Sun Yong-Wen, Lei Xiao-Yang, Lyu Xin-Yue, Yin Yi, Kan Shi-Ji, Wang Zhen-Min, Gao Bo
Department of Radiology, The Affiliated Hospital of Guizhou Medical University, Guiyang, China.
Department of Radiology, Qiandongnan Prefecture People's Hospital, Kaili, China.
Neurochem Res. 2025 May 9;50(3):159. doi: 10.1007/s11064-025-04405-y.
Alzheimer's disease (AD) is a progressive neurodegenerative disorder characterized by early metabolic and structural brain changes. These alterations are often detectable during mild cognitive impairment due to AD (AD-MCI), a prodromal stage of the disease. The posterior cingulate cortex (PCC), a critical brain region involved in memory and self-referential processing, is particularly vulnerable to these changes. We recruited 21 healthy controls (HC) and 20 AD-MCI patients to participate in this study. Point-Resolved Echo Spin Spectroscopy (PRESS) combined with MEGA-PRESS was employed to accurately measure levels of Gamma-Aminobutyric Acid (GABA) and Glx (Combination of Glutamate and Glutamine) in the PCC. Additionally, diffusion tensor imaging (DTI) was utilized to assess white matter (WM) microstructure integrity. Key metabolites, including N-acetylaspartate (NAA), choline (Cho), and myo-inositol (mI), were quantified to provide insights into neuronal health and metabolic status, while WM integrity was evaluated using fractional anisotropy (FA) and mean diffusivity (MD) metrics. In the PCC, AD-MCI patients exhibited a significant reduction in tNAA/tCr (1.22 ± 0.09 vs. HC 1.32 ± 0.07, p < 0.001) and NAA/mI (1.22 ± 0.12 vs. HC 1.44 ± 0.12, p < 0.001), along with an increase in mI/Cr (1.84 ± 0.28 vs. HC 1.60 ± 0.29, p = 0.012) and decreased GABA+/water (2.23 ± 0.78 vs. HC 2.98 ± 0.73, p = 0.003). Diffusion metrics revealed higher mean diffusivity in PCC-connected gray matter (GM_MD: 10.40 ± 0.79 vs. 9.53 ± 0.80 × 10⁻⁴ mm²/s, p < 0.01) and white matter (WM_MD: 0.09 ± 0.01 vs. 0.08 ± 0.01 × 10⁻² mm²/s, p < 0.01). Notably, in AD-MCI, NAA/mI was negatively correlated with WM_MD (r = - 0.462, p = 0.047), and tNAA/tCr was positively correlated with WM_FA (r = 0.580, p = 0.009). PCC neurochemical-microstructural decoupling (NAA/mI-MD dissociation with preserved tNAA/tCr-FA coupling) marks early AD progression. This dissociation pattern, reflecting concurrent neuronal dysfunction and compensatory glial responses, proposes a novel multimodal biomarker for tracking axonal degeneration prior to overt cognitive decline.
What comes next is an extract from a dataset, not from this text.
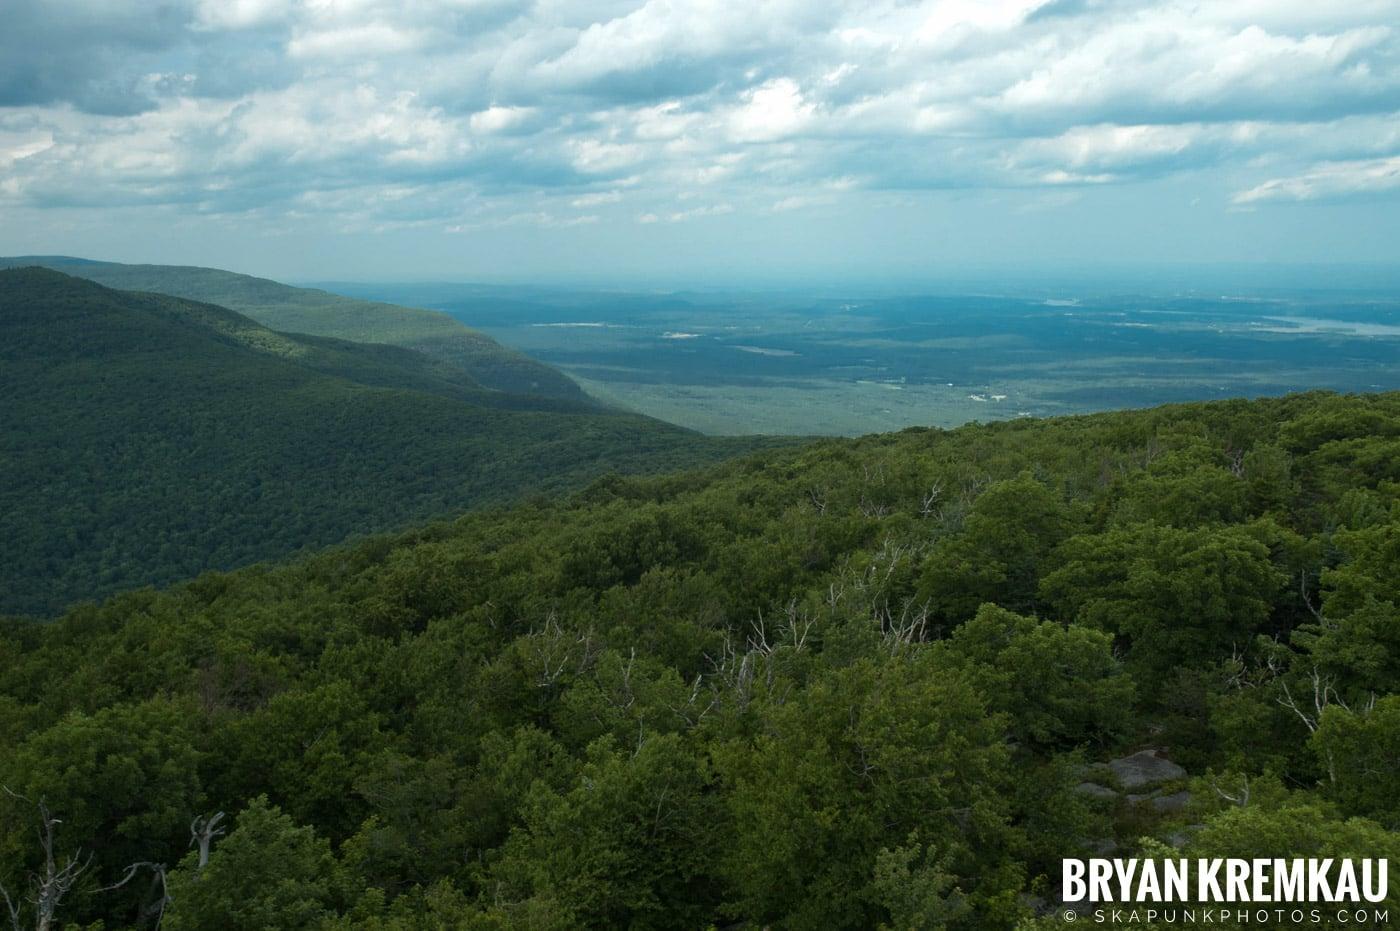 Catskills Overlook Mountain @ Woodstock, NY - 6.24.07 (2)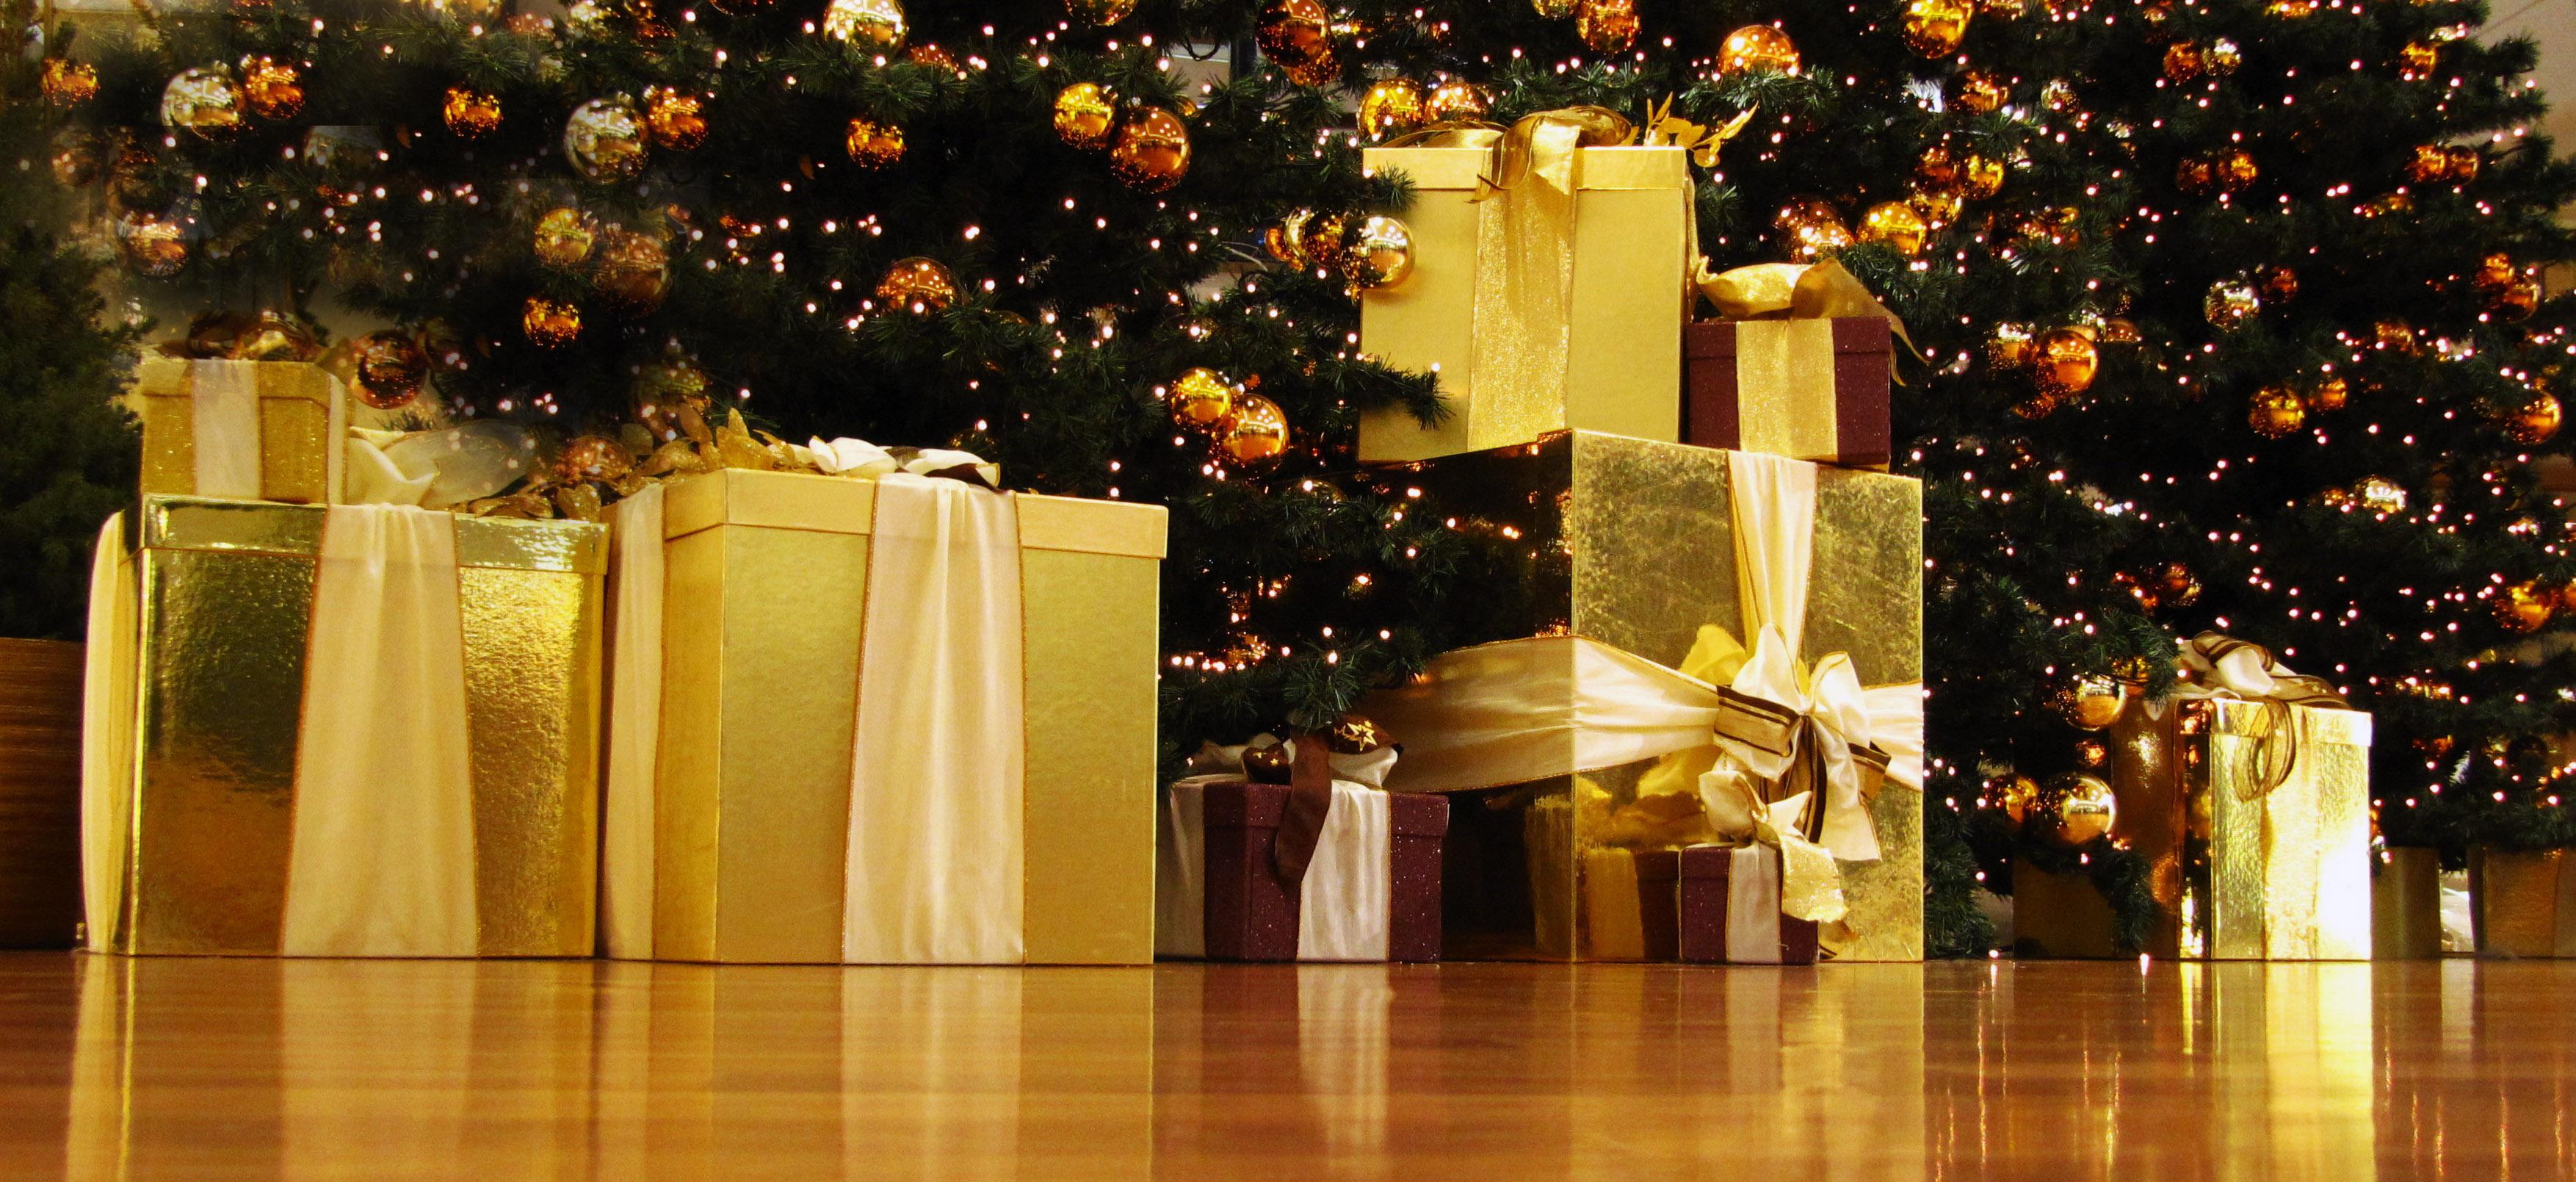 familiengottesdienst an heilig abend weihnachtsfreude. Black Bedroom Furniture Sets. Home Design Ideas

阿尔茨海默病(AD)是一种进行性神经退行性疾病,其特征为早期大脑代谢和结构改变。在由AD导致的轻度认知障碍(AD-MCI)这一疾病前驱阶段,这些改变通常就可被检测到。后扣带回皮质(PCC)是参与记忆和自我参照加工的关键脑区,尤其容易受到这些变化的影响。我们招募了21名健康对照者(HC)和20名AD-MCI患者参与本研究。采用点分辨回波自旋光谱法(PRESS)结合MEGA-PRESS来准确测量PCC中γ-氨基丁酸(GABA)和Glx(谷氨酸和谷氨酰胺的组合)的水平。此外,利用扩散张量成像(DTI)来评估白质(WM)微观结构的完整性。对包括N-乙酰天门冬氨酸(NAA)、胆碱(Cho)和肌醇(mI)在内的关键代谢物进行定量,以深入了解神经元健康状况和代谢状态,同时使用各向异性分数(FA)和平均扩散率(MD)指标来评估WM的完整性。在PCC中,AD-MCI患者的总NAA/总肌酸(tNAA/tCr)(1.22±0.09 vs. HC 1.